Kennedy Tsimba
- Born: July 23, 1974 (age 51) Makoni Zimbabwe
- Height: 5 ft 11 in (1.80 m)
- Weight: 170 lb (77 kg)

Rugby union career
- Position: Flyhalf

Senior career
- Years: Team / Apps / (Points)
- 1997-1998: Bath Rugby / 5 / (42)

Provincial / State sides
- Years: Team / Apps / (Points)
- 1999 - 2005: Cheetahs / 97 / (1647)
- 2005 - 2007: Blue Bulls / 25 / (73)

International career
- Years: Team / Apps / (Points)
- 1997-1998: Zimbabwe / 6 / (72)

= Kennedy Tsimba =

Zimbabwe international rugby union player

Kennedy Chiedza Tsimba (Zimbabwean pronunciation: Shining Light; born 23 July 1974) is a 2012 World Rugby Hall of Fame inductee, South African professional Rugby coach.

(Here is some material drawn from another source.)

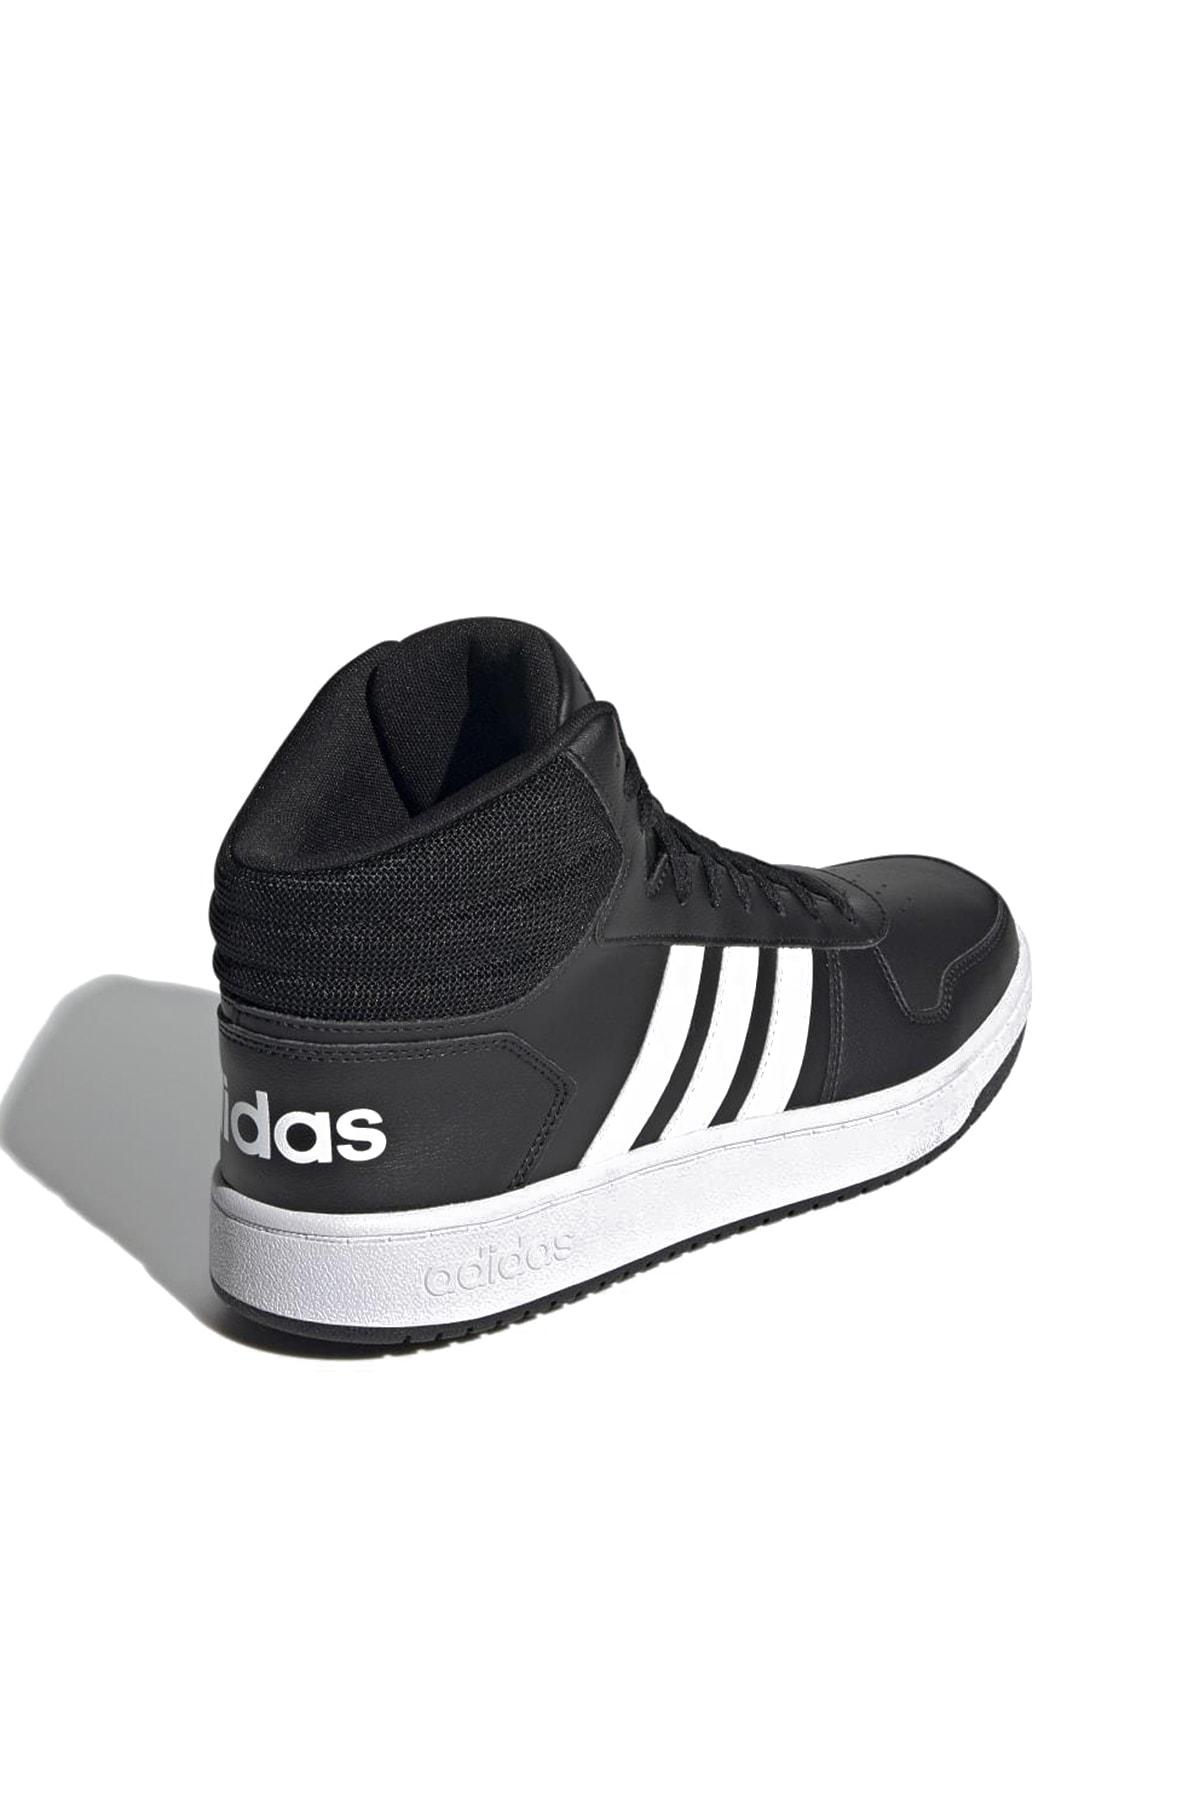 adidas Unisex Sneaker HOOPS 2.0 MID GÜNLÜK SPOR AYAKKABI 1
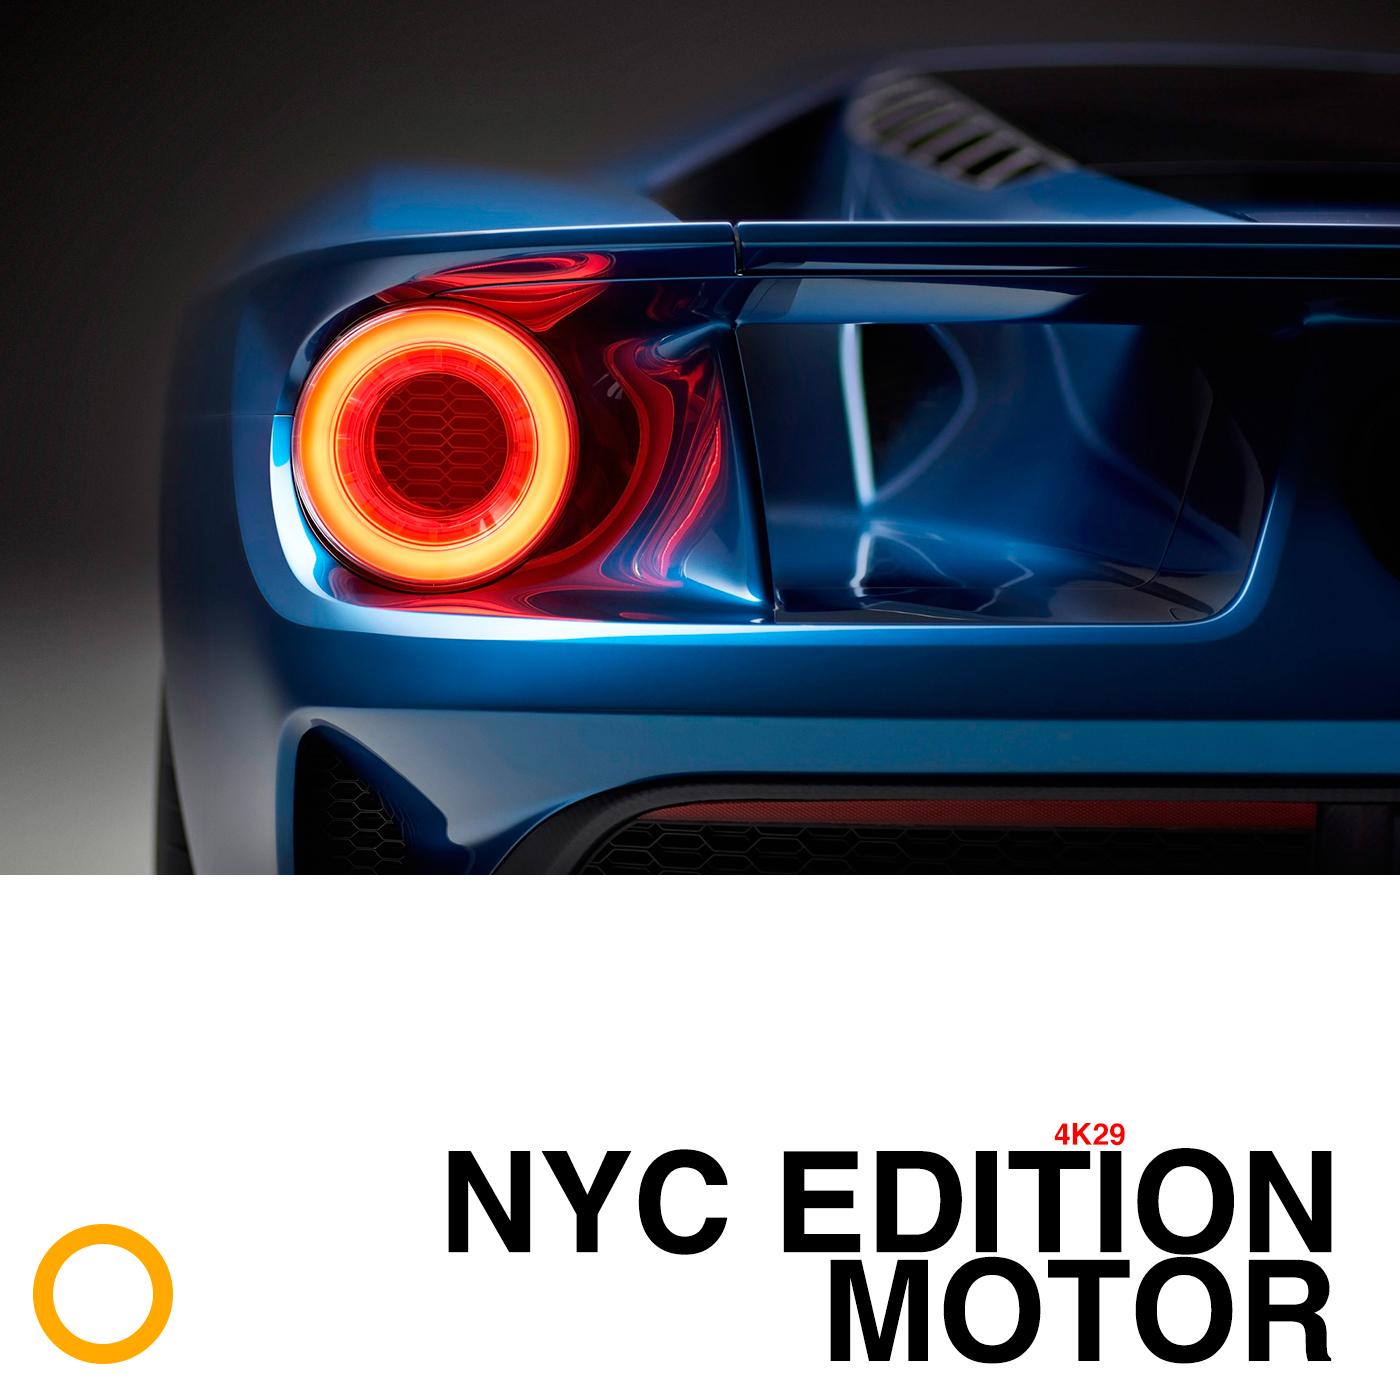 NYC EDITION MOTOR 4K29

Tsimba made his professional debut playing at the inaugural Rugby World Cup 7's in 1997 after which he signed his first professional contract with the 1998 European Champions Bath Rugby Club. It was at the South African-based franchise Free State Cheetahs that Tsimba became famous. Tsimba became a prolific point scorer and South Africa's fastest player to score 1000 points in all competitions (Currie Cup, Vodacom Cup and Super Rugby) He won Currie Cup, Vodacom Cup and Super Rugby titles, earning him the title "The King of Bloemfontein". Tsimba won Vodacom player of the year in 2000, Free State Sportsman of the Year 2001 and Currie Cup player of the Year 2003 in his 6-year spell at the Bloemfontein-based team.

In November 2005, after 6 years with Free State Cheetahs he transferred the Blue Bulls Rugby Union for an undisclosed fee. He was part of the club's historic SuperRugby success as part of a star studded squad. In 2008, he rejoined FreeState Cheetahs in a deal where he would appear for Griffons on loan where they won the Currie Cup 1st Division - Tsimba then claiming the 1st Division Currie Cup Player of the Year before retiring in 2010.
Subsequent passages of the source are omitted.